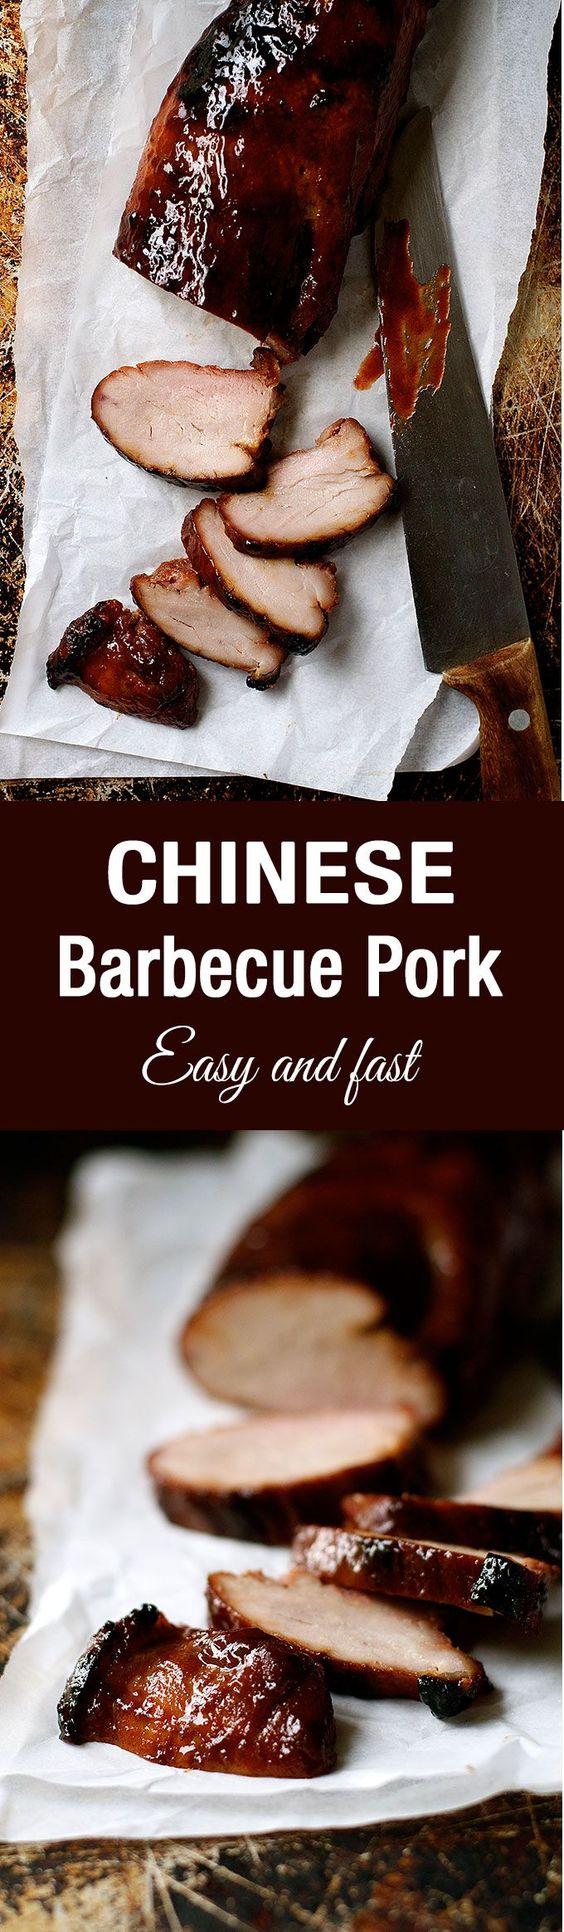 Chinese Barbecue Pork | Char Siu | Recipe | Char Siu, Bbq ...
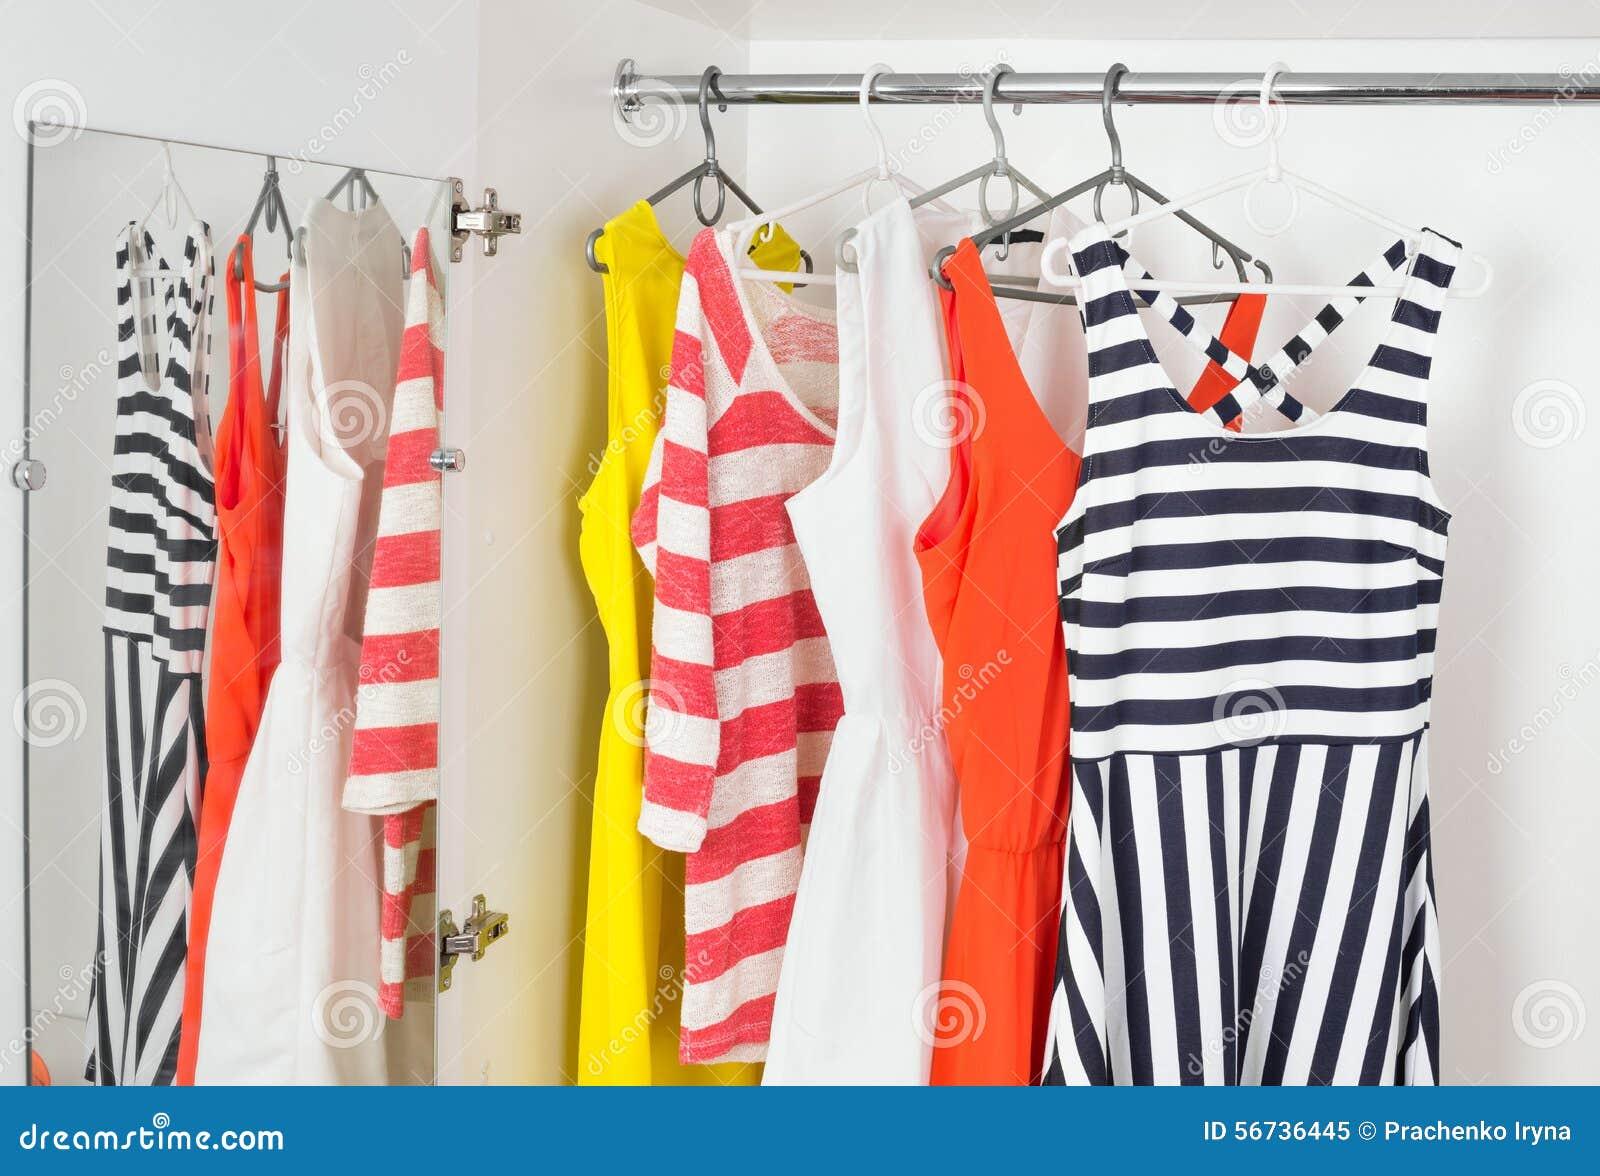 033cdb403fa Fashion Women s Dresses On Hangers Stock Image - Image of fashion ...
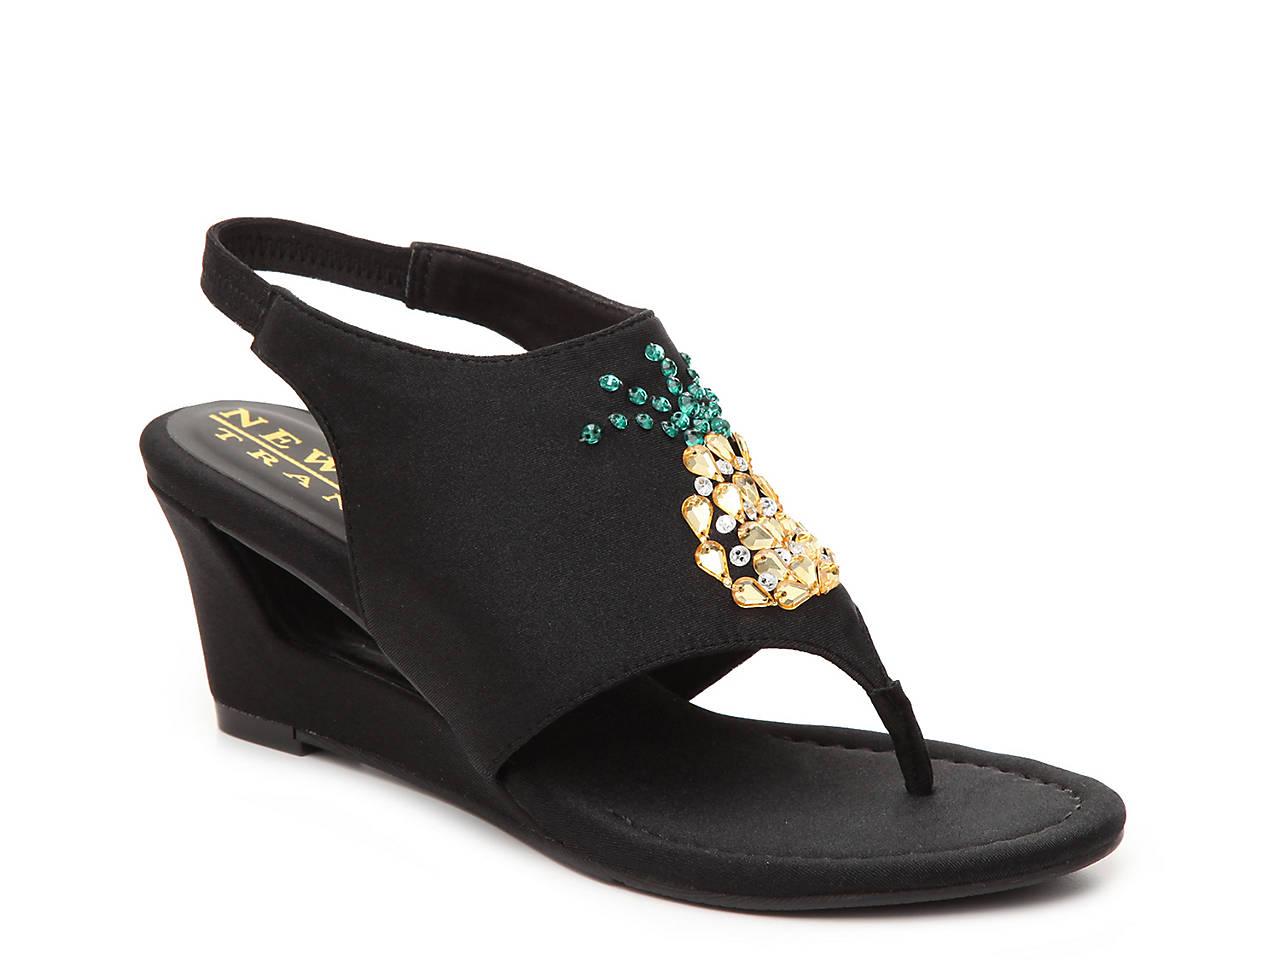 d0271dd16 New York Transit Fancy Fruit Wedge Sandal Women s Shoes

+ + + + +

WHAT NEEDS TO BE DONE: With the pictures omitted, print each line of the data above precisely as given.

RESULT BELOW:
 Chinese Barbecue Pork | Char Siu | Recipe | Char Siu, Bbq ...
 033cdb403fa Fashion Women s Dresses On Hangers Stock Image - Image of fashion ...
 d0271dd16 New York Transit Fancy Fruit Wedge Sandal Women s Shoes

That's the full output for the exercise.